The Time to Market Holiday Showcase is the capstone event of a three-month intensive program titled “Getting Your Recipe to Market,” offered by PCC’s Small Business Development Center (SBDC). Tammy Marquez-Oldham, the center’s director, said the program is for savvy food entrepreneurs seeking an efficient path from product development to commercial ready or product prototype.Entrepreneur shows off her product.

“This program was originally created for a handful of food entrepreneurs who had developed a food product, but didn’t know how to take it into the marketplace from a business perspective,” Marquez-Oldham said. “The PCC SBDC, Food Innovation Center, and New Seasons Market joined in partnership to bridge that gap.”

A Chance to Taste

The Time to Market Holiday Showcase is from 5-7:30 p.m., Thursday, Dec. 13 at the Food Innovation Center (1206 NW Naito Parkway). The free event is open to the public, and families and foodies are encouraged to attend.

The holiday event is the first chance for entrepreneurs from the SBDC program to showcase their products to other local buyers. Alumni of the program are also invited to attend and offer food sampling and sales. This event is an opportunity for anyone thinking of going into the food business to network with local food entrepreneurs.

Program Has Long History

The Getting Your Recipe to Market Program started in the fall of 2006 and has served more than 400 food entrepreneurs. Those attending the program receive expert one-on-one guidance from advisors and industry experts, helping to avoid time-consuming or costly mistakes.

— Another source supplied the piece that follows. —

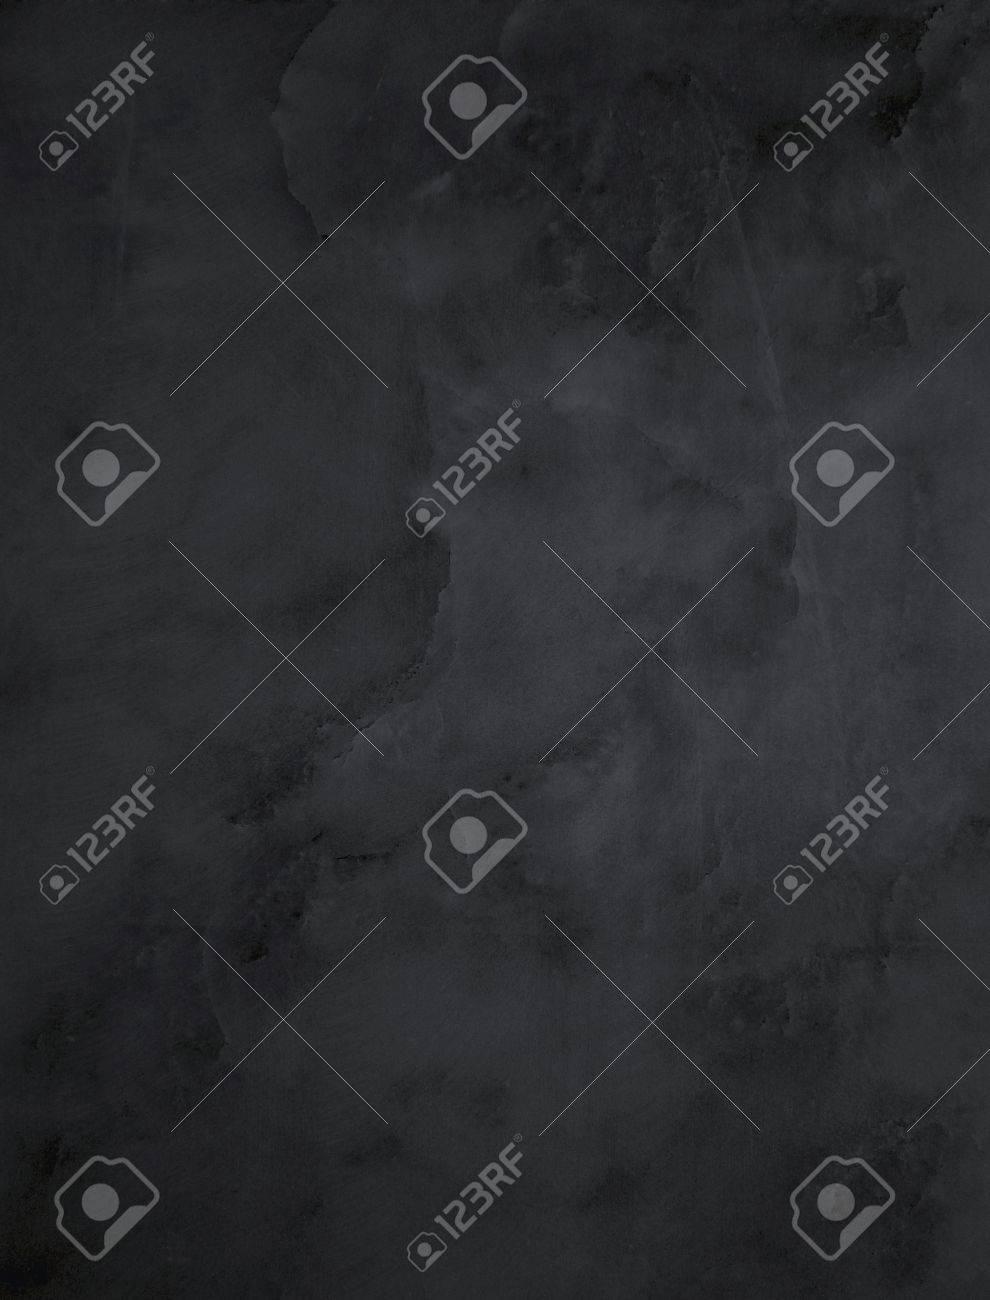 free high resolution chalkboard background
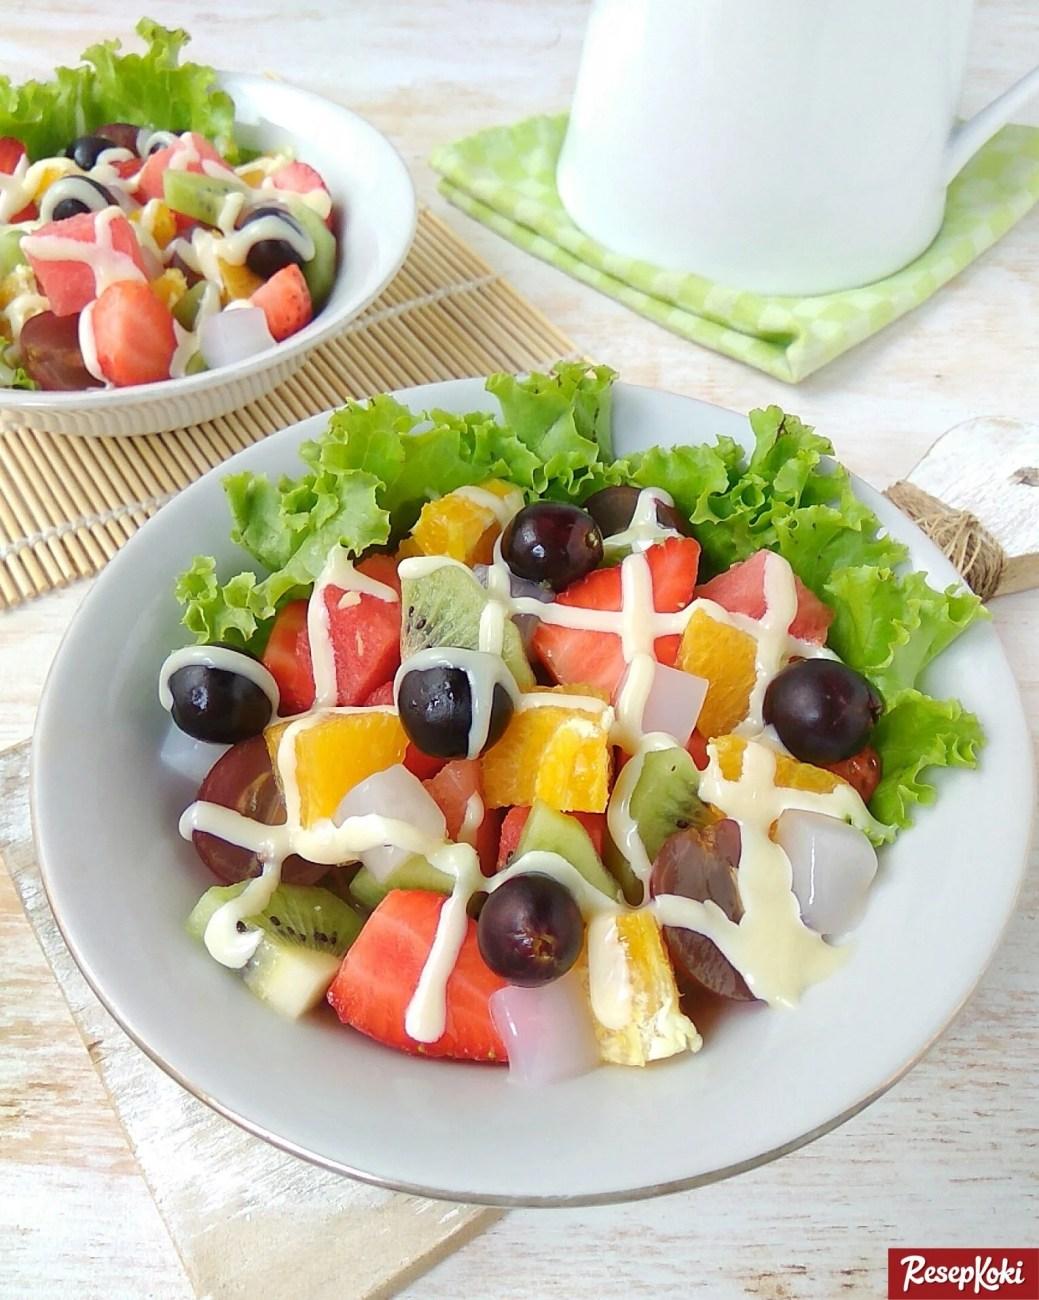 Resep Salad Buah Sederhana : resep, salad, sederhana, Salad, (Fruit), Segar, Siram, Mayones, Resep, ResepKoki

“Many food entrepreneurs starting out do not know where to focus their time and energy in navigating the complex food business industry,” said Program Lead Jill Beaman, who has been running the program with Betsy Walton and Uri Kushner since 2012. “Our goal is to bring all the information and resources they need to one place.”

These same industry advisors helped design the program to ensure it offers rising food entrepreneurs a solid foundation in business, organization, and product development, as well as food safety, product costing, packaging, production and distribution.

“In addition to OSU and retailers, we collaborate with local organizations and businesses to bring resources to our class including the Oregon Department of Agriculture, B-Line Sustainable Urban Delivery, and local commercial kitchens and co-manufacturers,” Beaman said.

Valuable Feedback Spurs Success

At the end of the program, entrepreneurs have the opportunity to present their food products and business idea to New Seasons Market buyers in a 30-minute evaluation session.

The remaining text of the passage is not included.